Attach this policy to the same IAM role or user already configured for the [AWS integration](/aws). If you are already using the AWS managed `ReadOnlyAccess` policy, both actions are already covered.

## Tools

| Tool                    | AWS API call              | What it returns                                                                                                                                                                               |
| ----------------------- | ------------------------- | --------------------------------------------------------------------------------------------------------------------------------------------------------------------------------------------- |
| `describe_rds_instance` | `rds:DescribeDBInstances` | Instance status, engine + version, instance class, Multi-AZ flag, endpoint address/port, storage type and size, availability zone, and backup window.                                         |
| `describe_rds_events`   | `rds:DescribeEvents`      | Recent events for the DB instance — failovers, maintenance, parameter group changes, and backup activity. Defaults to the last 60 minutes; bounded to 20160 minutes (14 days, the AWS limit). |

Both tools become available to the planner whenever `rds.db_instance_identifier` is present in the resolved sources.

### Use cases

* Verifying RDS instance status (`available`, `modifying`, `failed`) when an alert fires
* Detecting Multi-AZ failover events around an incident timestamp
* Tracing recent maintenance, parameter group changes, or backup activity that may correlate with the incident

## Troubleshooting

| Symptom                                       | Fix                                                                                                                                |
| --------------------------------------------- | ---------------------------------------------------------------------------------------------------------------------------------- |
| **AccessDenied on `rds:DescribeDBInstances`** | Add the IAM policy above to the role or user used by the AWS integration.                                                          |
| **DBInstanceNotFound**                        | Confirm `RDS_DB_INSTANCE_IDENTIFIER` matches an instance in `AWS_REGION`.                                                          |
| **Tool reports the wrong region**             | Either `AWS_REGION` is set to a different region, or the source dict has a stale `region` field. Check the resolution order above. |

## Upstream correlation validation

OpenSRE also includes a deterministic upstream-correlation smoke validation path for no-trace-ID RDS CPU spike investigations.

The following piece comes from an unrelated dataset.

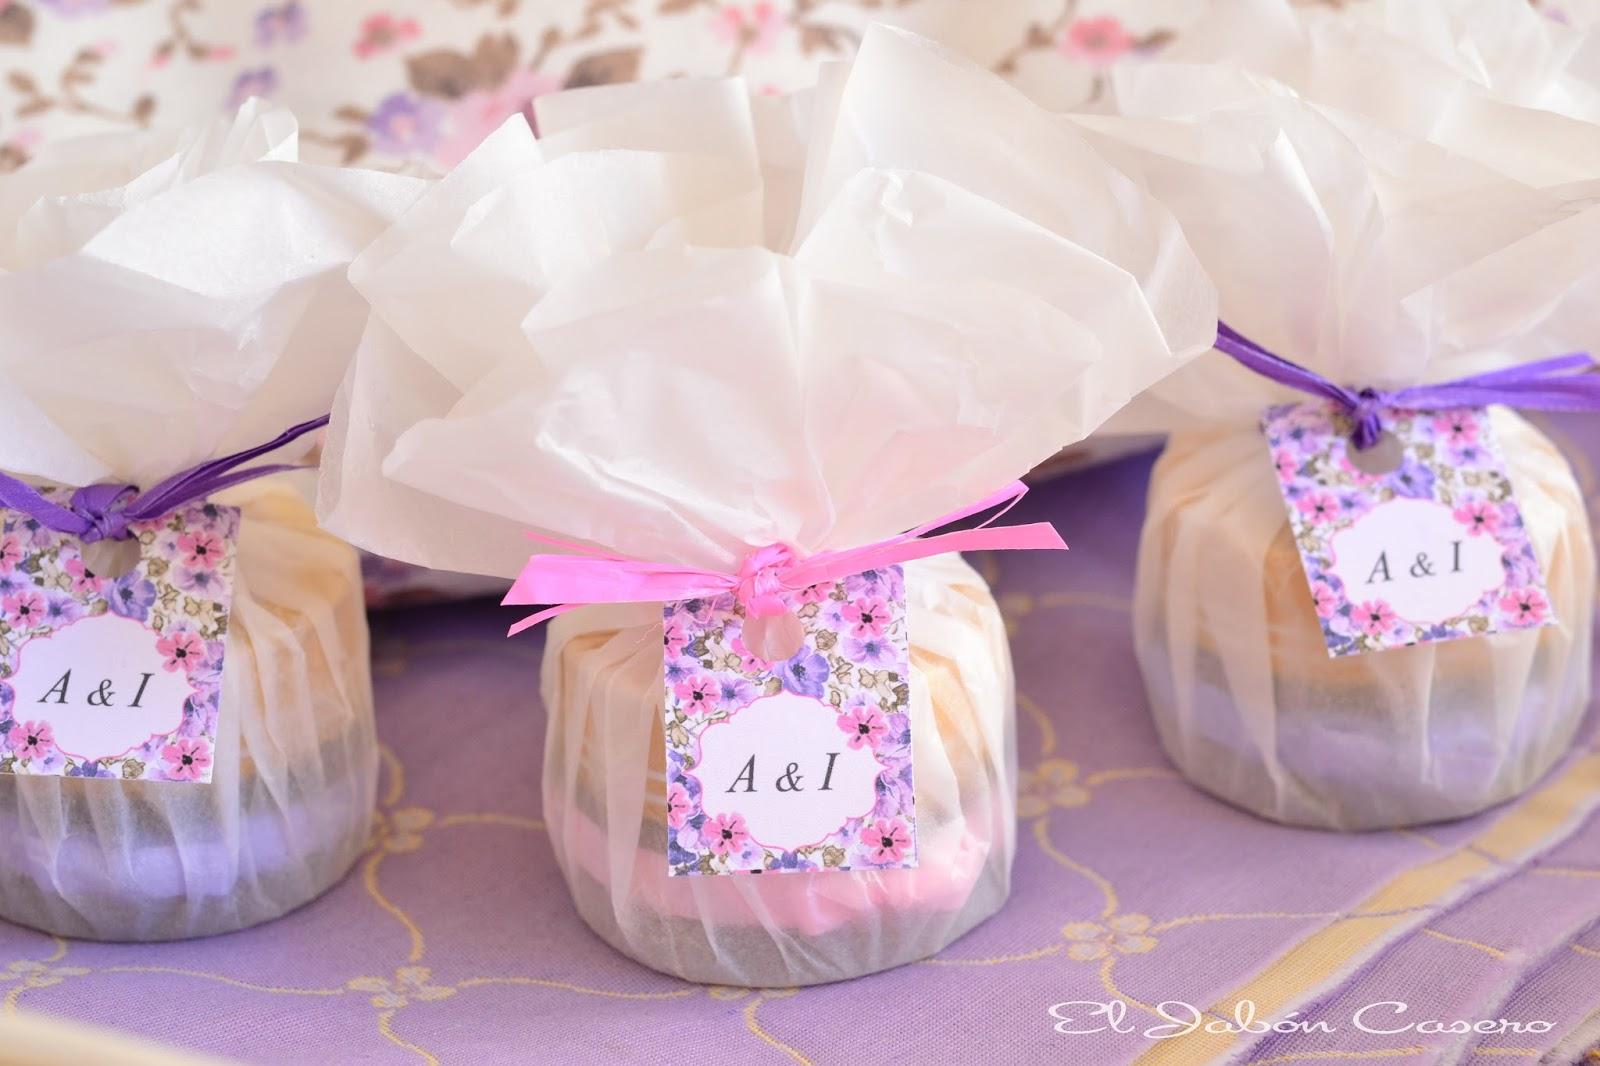 Detalles de boda bálsamos naturales artesanales

This allows validating correlation output locally without requiring live Datadog credentials or full LLM investigation setup.

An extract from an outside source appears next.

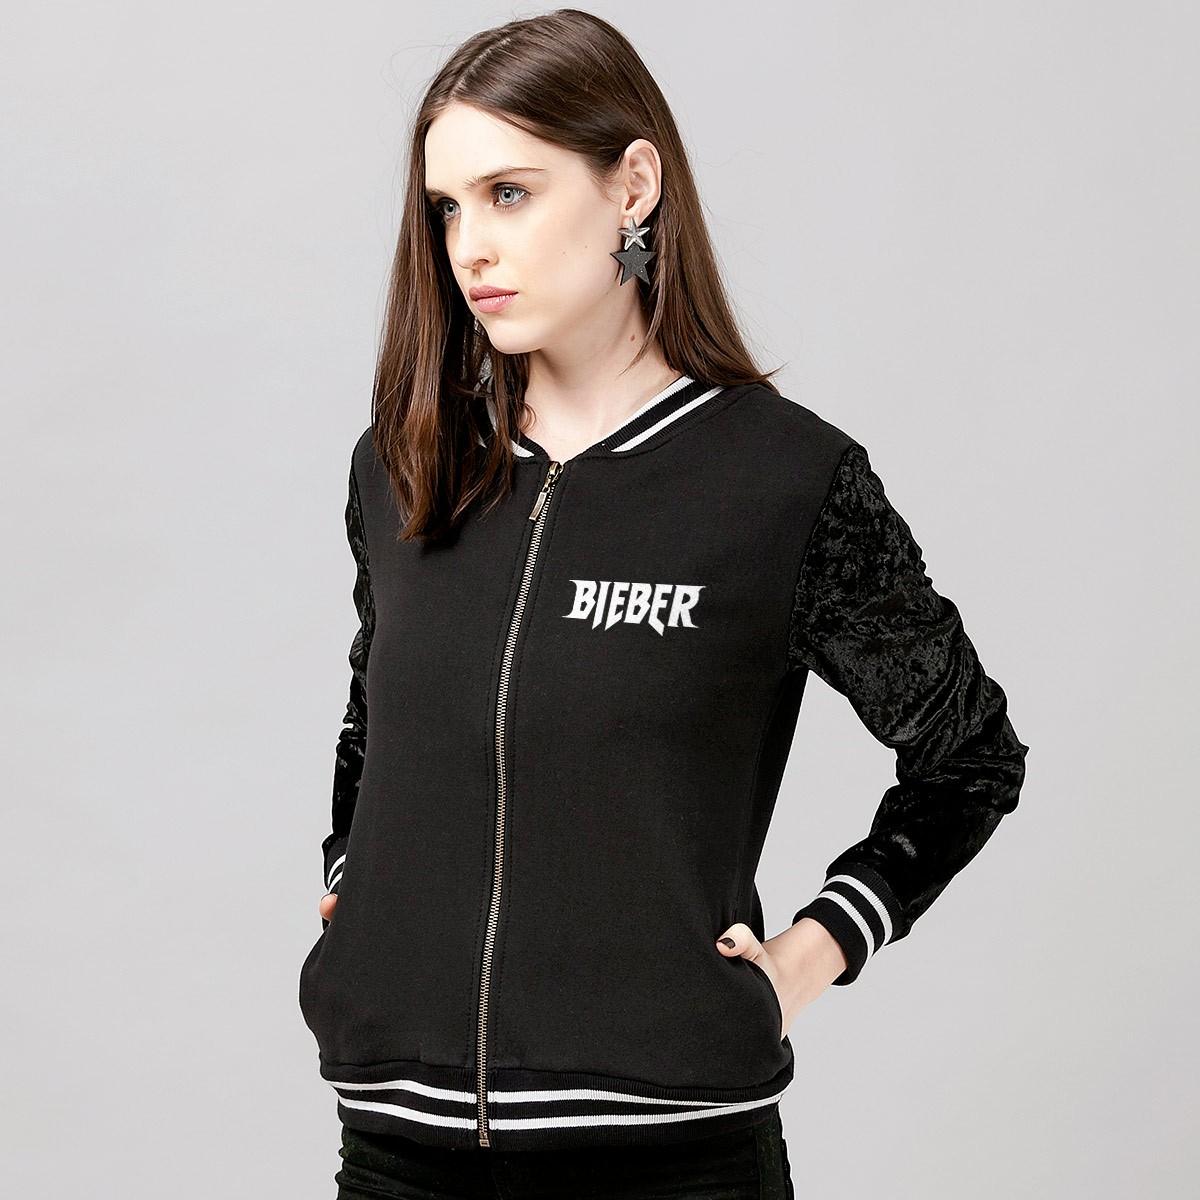 Jaqueta Veludo Justin Bieber Purpose Tour 2017

### Local smoke validation

Run:

```bash theme={null}
opensre tests upstream-correlation-smoke
```

Expected output includes separate sections for:

* correlated signals
* most likely causal driver(s)

Example:

```
Upstream Correlation Smoke Validation

Correlated signals:
- upstream-correlation (source=runtime, score=0.9)

Most likely causal driver(s):
- system.cpu.user{service:orders-web} (confidence=0.9)
  rationale=time_window=1.0, topology=1.0, periodicity=1.0, operator_hint=0.0
```

For machine-readable output:

```bash theme={null}
opensre tests upstream-correlation-smoke --json
```

### Live investigation validation

For live validation, configure Datadog and trigger an investigation against an RDS CPU spike alert.

The upstream correlation runtime automatically scopes RDS metrics to the alerting DB instance using the `dbinstanceidentifier` tag to avoid cross-instance aggregation in multi-RDS environments.

Recommended alert fields:

```json theme={null}
{
  "service": "orders",
  "resource": "orders-rds-prod",
  "upstream_services": ["orders-web"]
}
```

Then run a live investigation:

```bash theme={null}
opensre investigate
```

When runtime evidence is available, the final report includes:

* correlated signals
* most likely causal driver(s)

This validation flow is intended as a lightweight smoke/integration path and does not require synthetic benchmark execution.